- _TASK TO CARRY OUT_
Set down, character for character, everything in the records below from the line holding "Mark Zuckerberg Quote" down to the line holding "BlackSys CH-100B 2", and no other line.

- _DATA FOR ANALYSIS_
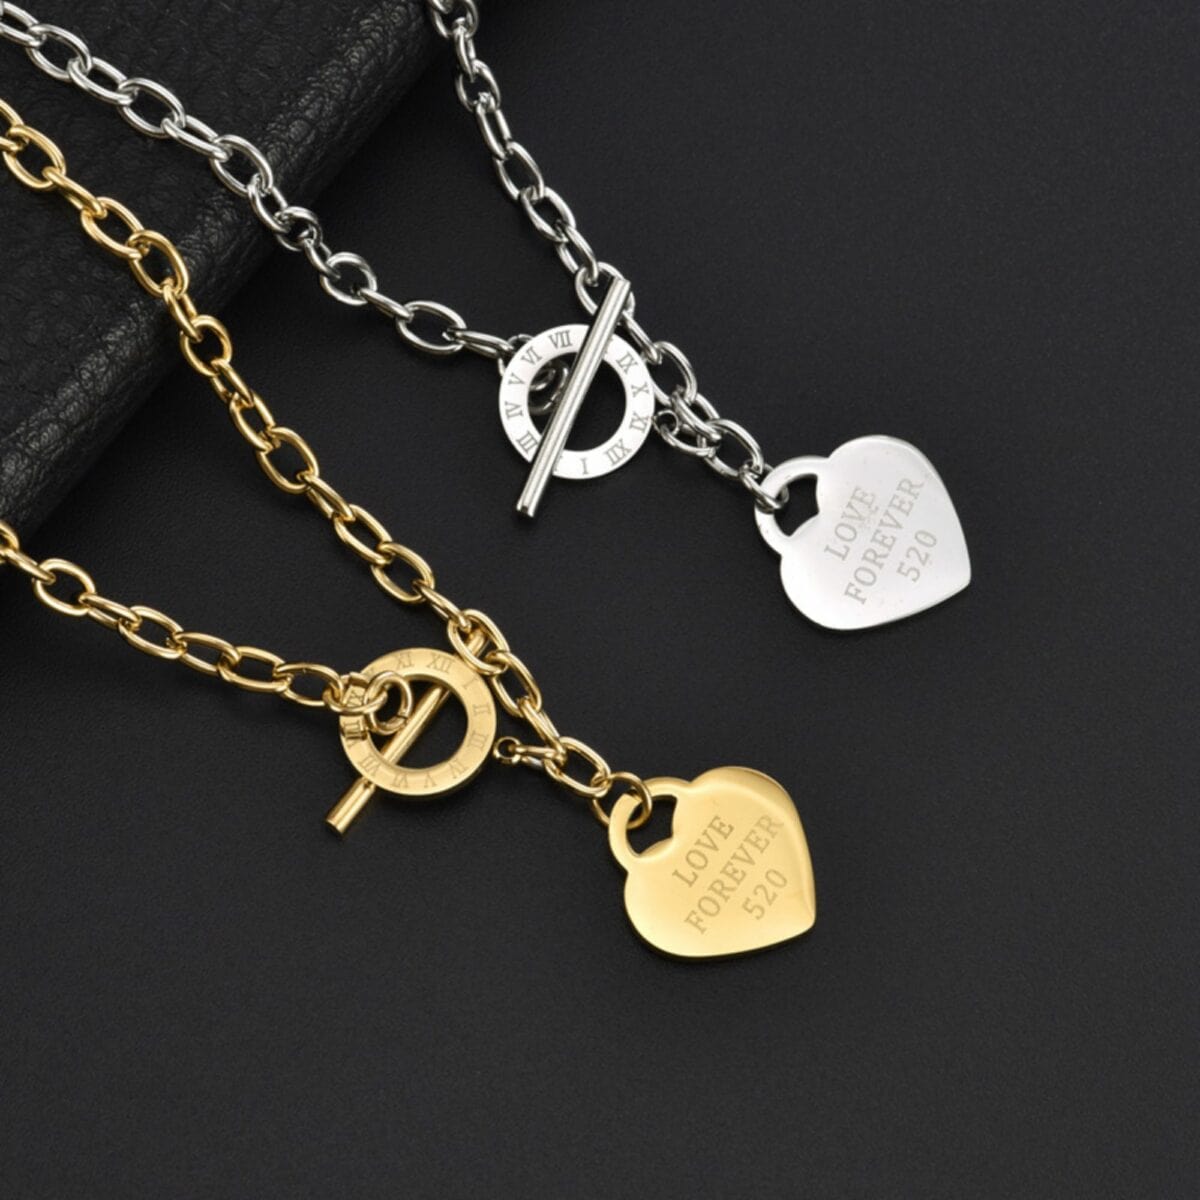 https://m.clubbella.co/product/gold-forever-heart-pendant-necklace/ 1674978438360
==
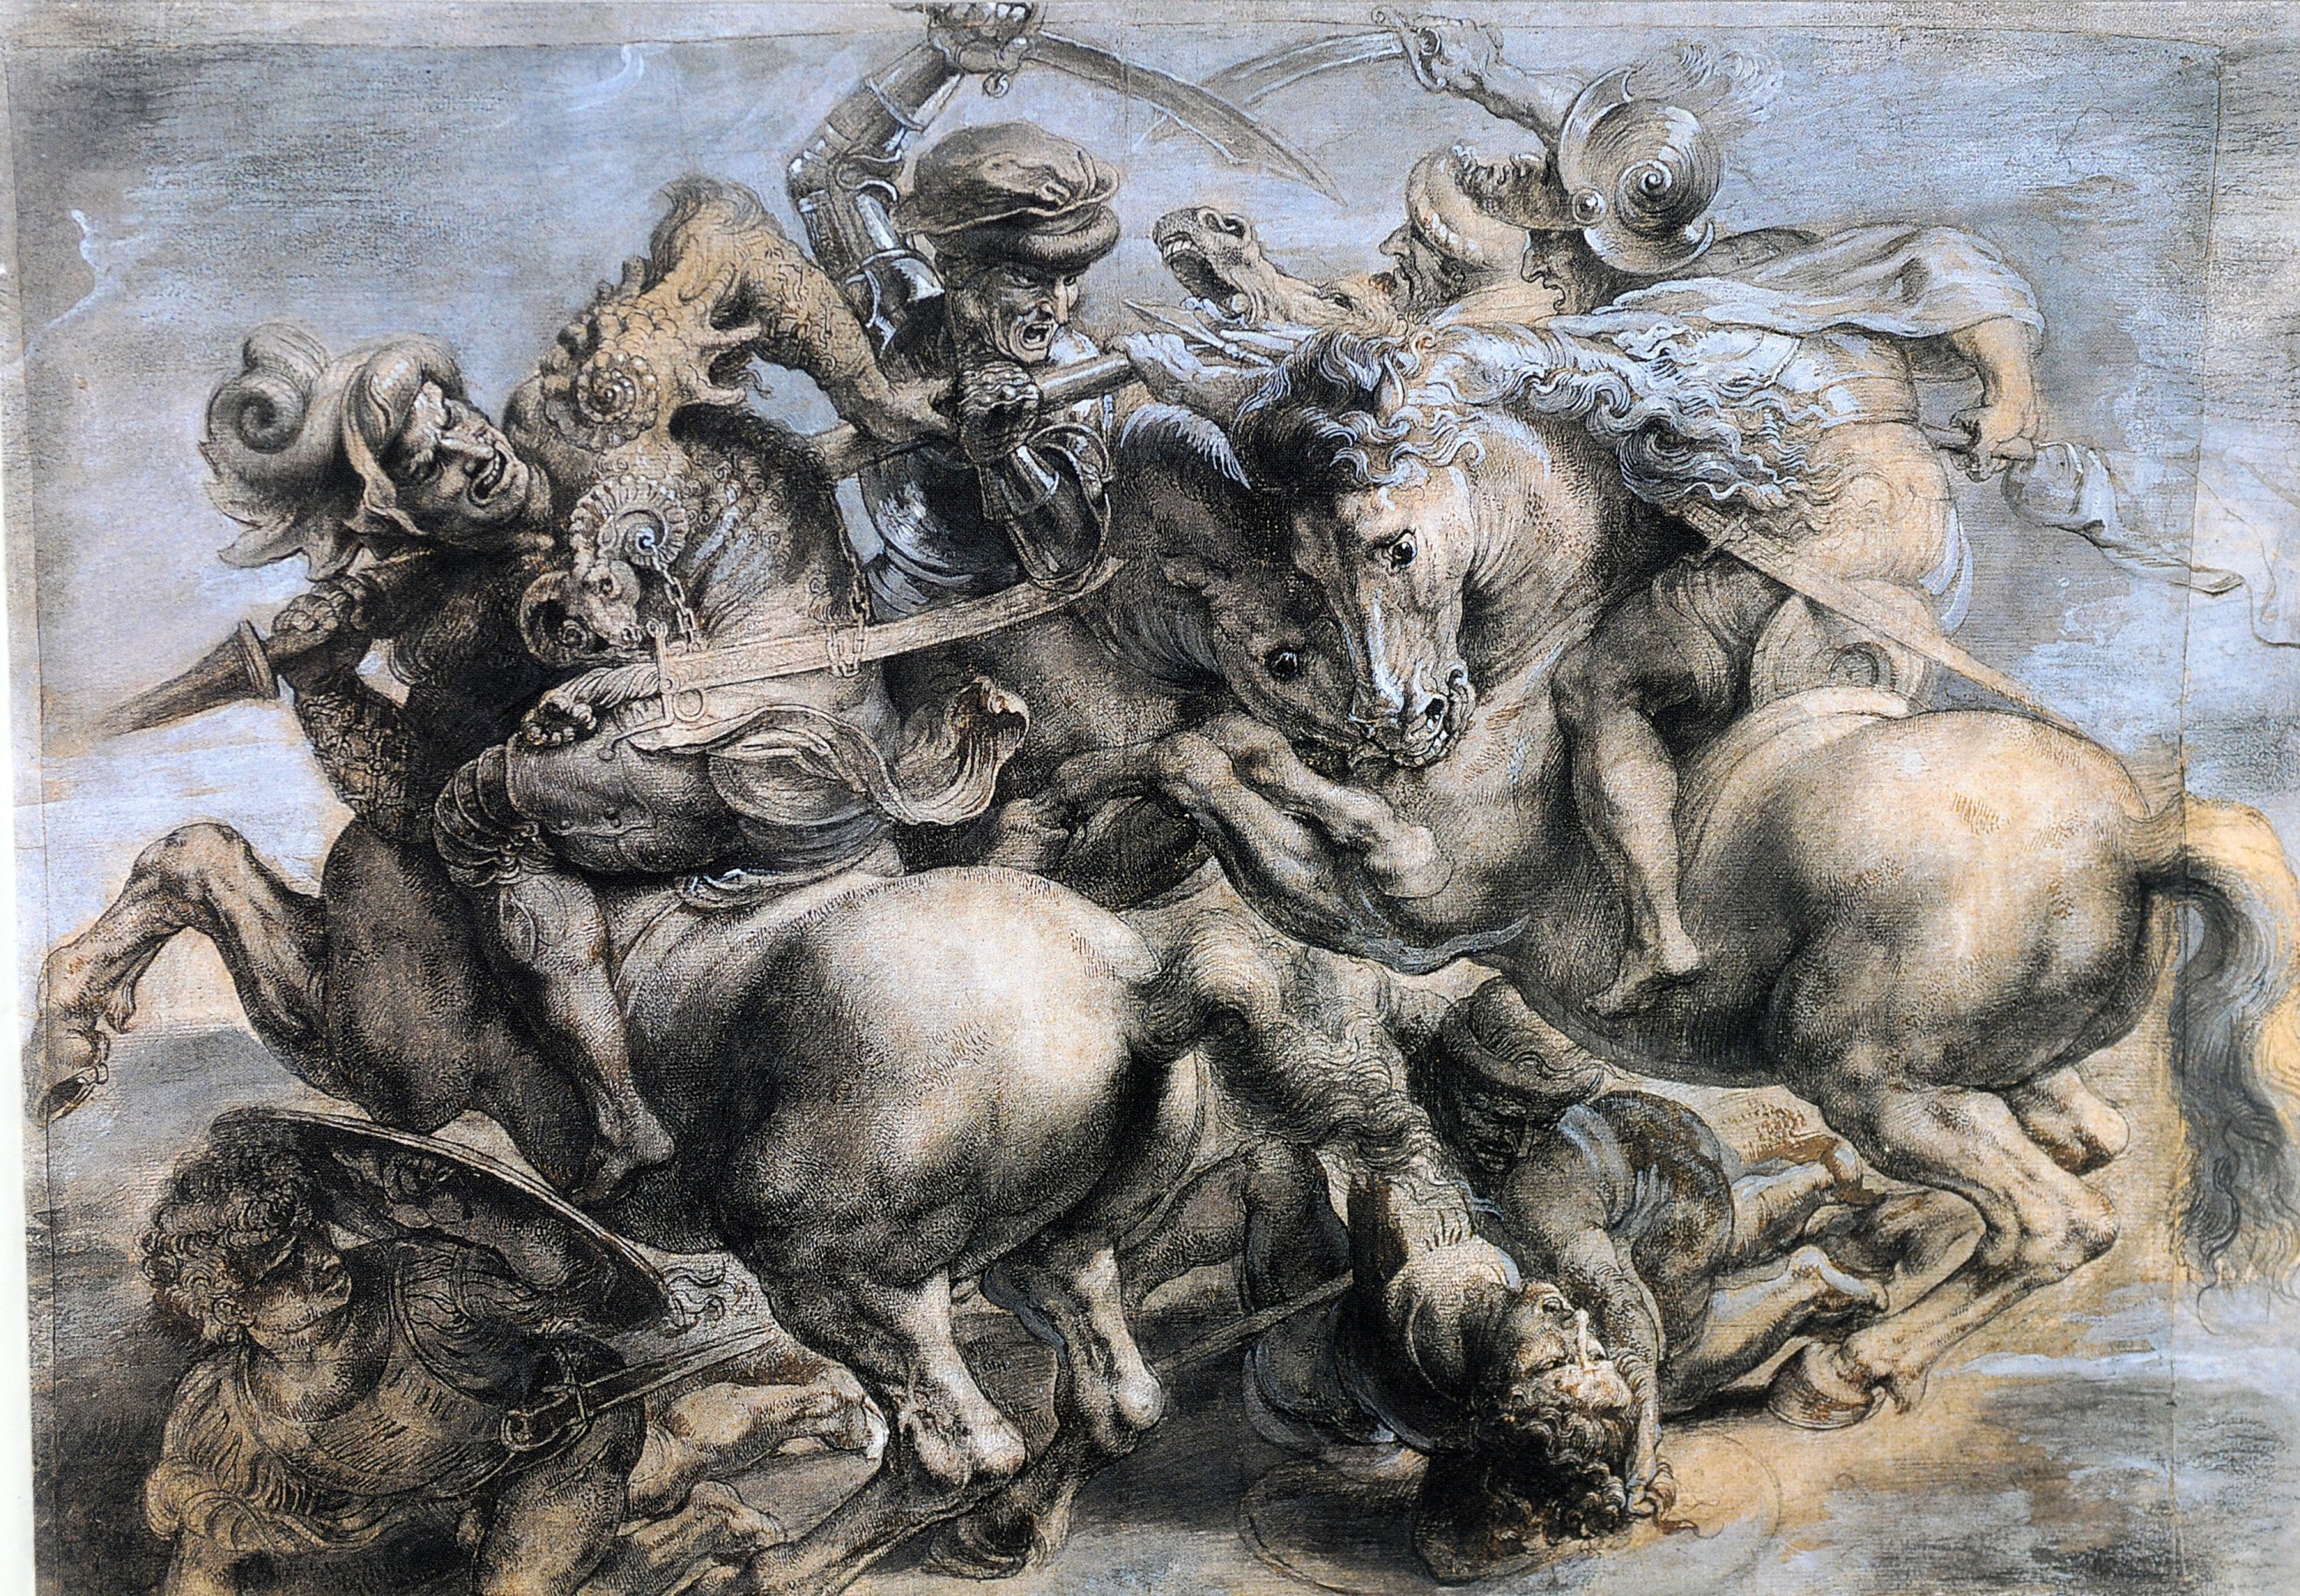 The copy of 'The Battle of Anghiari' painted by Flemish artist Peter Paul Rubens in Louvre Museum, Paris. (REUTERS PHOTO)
* * *
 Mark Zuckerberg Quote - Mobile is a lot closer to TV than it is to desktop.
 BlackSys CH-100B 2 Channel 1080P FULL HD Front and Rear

- _EXPECTED ANSWER_
 Mark Zuckerberg Quote - Mobile is a lot closer to TV than it is to desktop.
 BlackSys CH-100B 2 Channel 1080P FULL HD Front and Rear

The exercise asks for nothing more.